The sentence was announced by United States Attorney for the District of Maryland Rod J. Rosenstein; Special Agent in Charge Stephen E. Vogt of the Federal Bureau of Investigation; Commissioner Anthony W. Batts of the Baltimore Police Department; and Baltimore City State’s Attorney Gregg L. Bernstein.

According to Robinson’s plea agreement, between 2007 and 2010, Robinson produced images and videos of two prepubescent minors engaged in sexually explicit conduct, while he was alone with the victims. Additionally, Robinson used a publicly available file sharing program to download images and videos of child pornography from the internet. Robinson saved the images and videos to his laptop computer, external hard drive, and to other digital media.

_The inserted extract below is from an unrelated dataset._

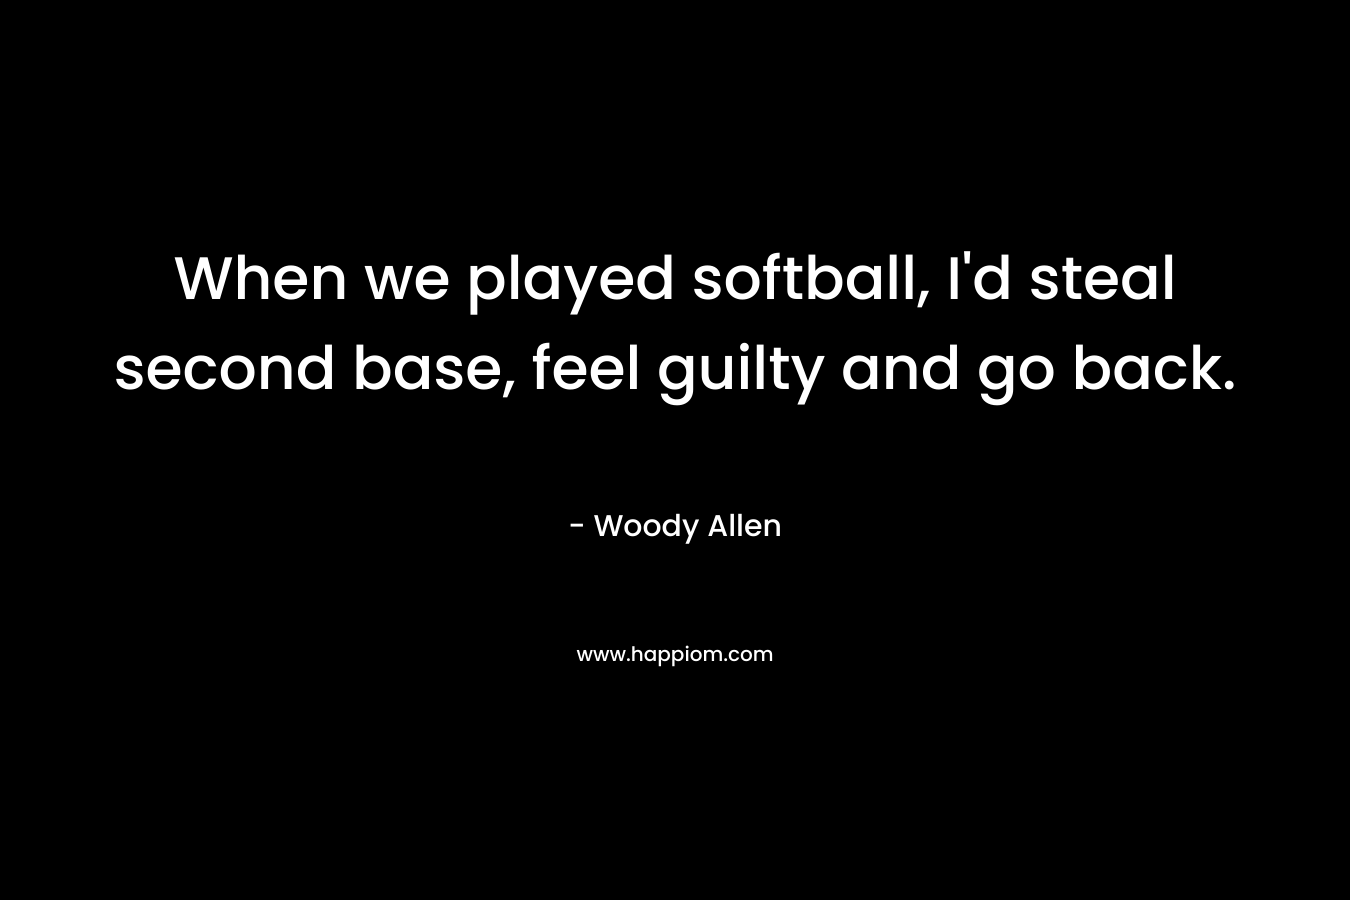 When we played softball, I’d steal second base, feel guilty and go back. – Woody Allen
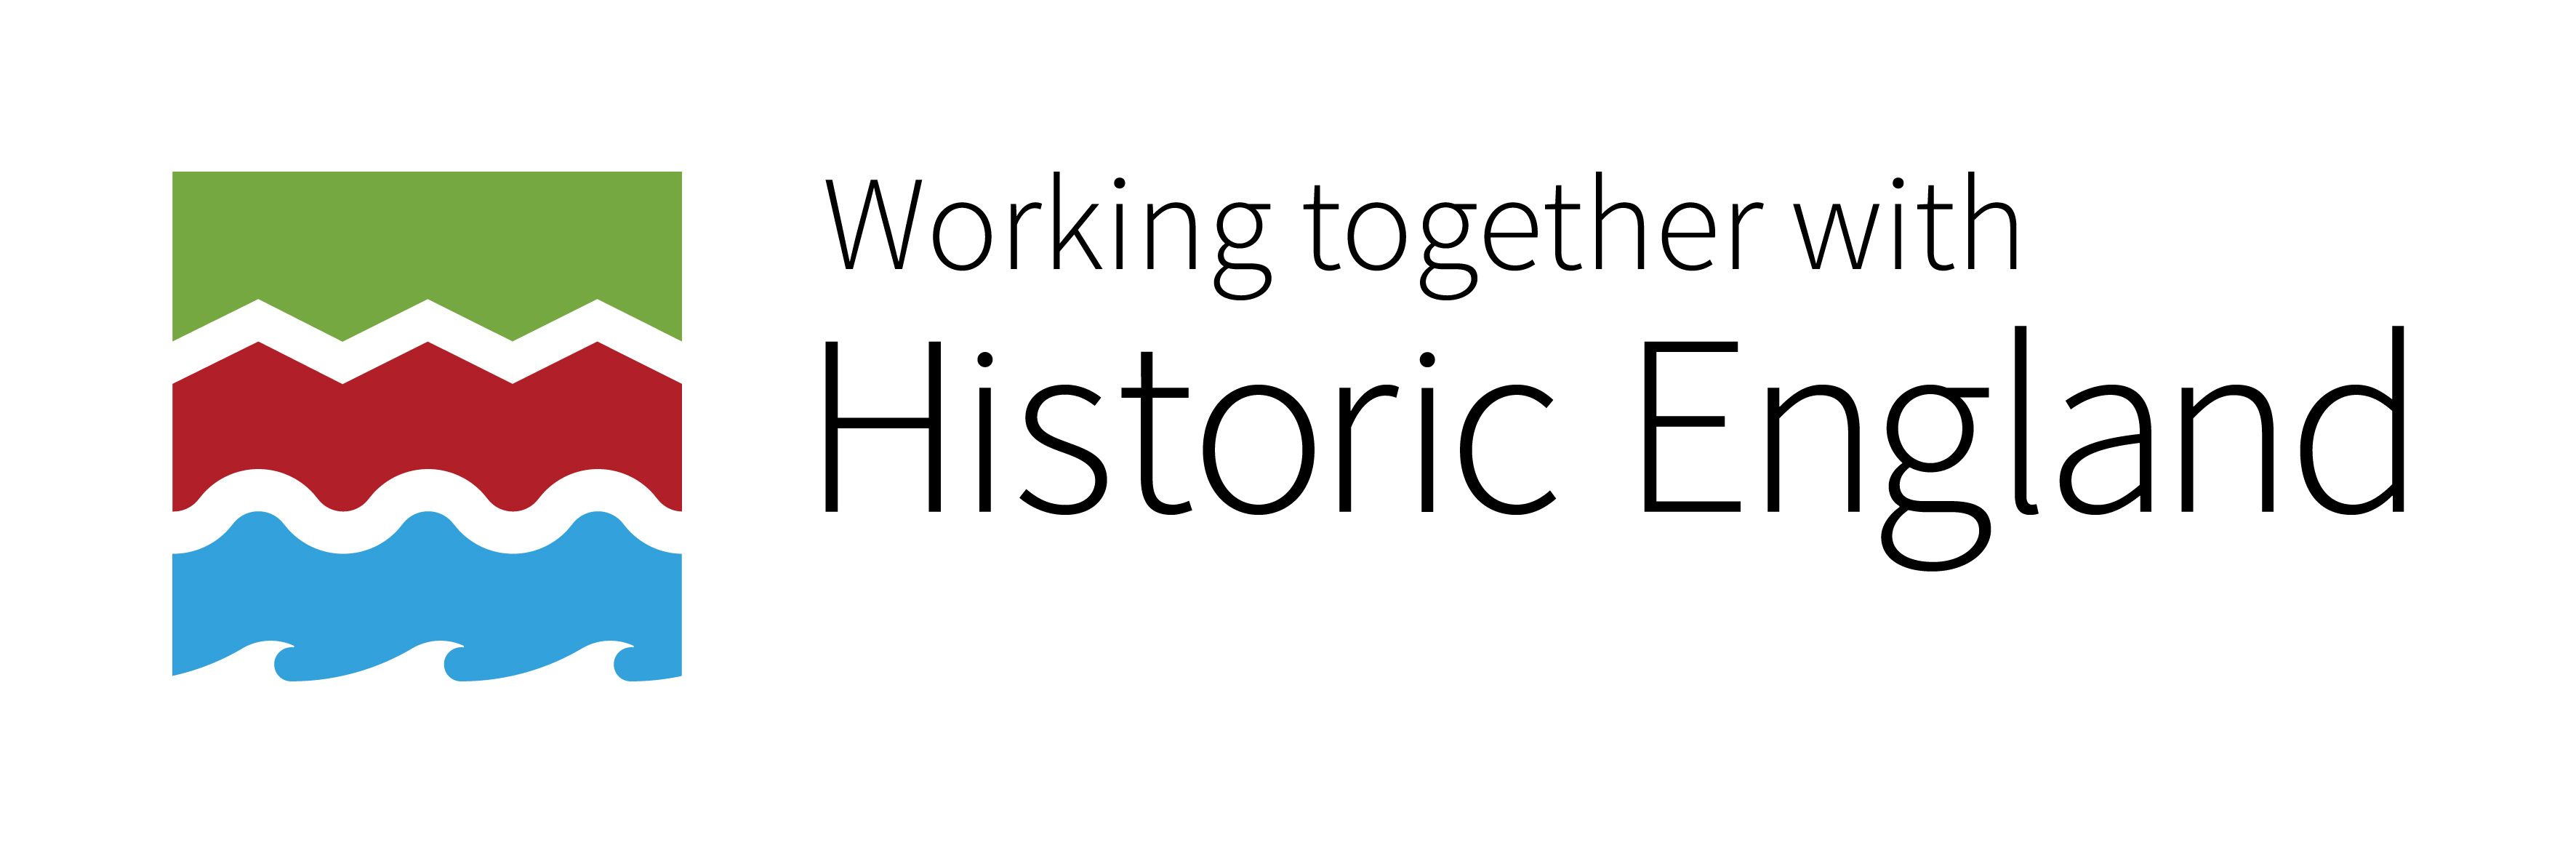 The Historic England logo in blue, red, and green, with the text 'Working together with Historic England'

On October 18, 2010, detectives from the Child Abuse Unit of the Baltimore Police Department searched Robinson’s residence and seized Robinson’s computer equipment and digital camera. During a subsequent forensic examination of the computer and digital media, investigators found images and videos of the victims engaged in sexually explicit conduct produced by Robinson. The digital media seized from Robinson’s home also contained over 600 images of children engaged in sexually explicit conduct, including at least 4 videos. The videos were downloaded from the internet in 2010 using a file sharing program. The forensic examination of the computer, external hard drive, thumb drives, flash drives, CDs and DVDs revealed that Robinson regularly searched for files, websites and discussions relating to child pornography and encryption.

 

This case was brought as part of Project Safe Childhood, a nationwide initiative launched in May 2006 by the Department of Justice to combat the growing epidemic of child sexual exploitation and abuse. Led by the United States Attorneys' Offices and the Criminal Division's Child Exploitation and Obscenity Section, Project Safe Childhood marshals federal, state, and local resources to locate, apprehend, and prosecute individuals who sexually exploit children, and to identify and rescue victims. For more information about Project Safe Childhood, please visit www.usdoj.gov/psc For more information about internet safety education, please visit www.usdoj.gov/psc and click on the "resources" tab on the left of the page.

 

United States Attorney Rod J. Rosenstein commended the FBI, Baltimore Police Department, and the Baltimore City State’s Attorney’s Office for their work in this investigation and prosecution. Mr. Rosenstein thanked Assistant U.S. Attorney Paul E. Budlow and former Special Assistant United States Attorney Christine Duey of the U.S. Justice Department, who prosecuted the case.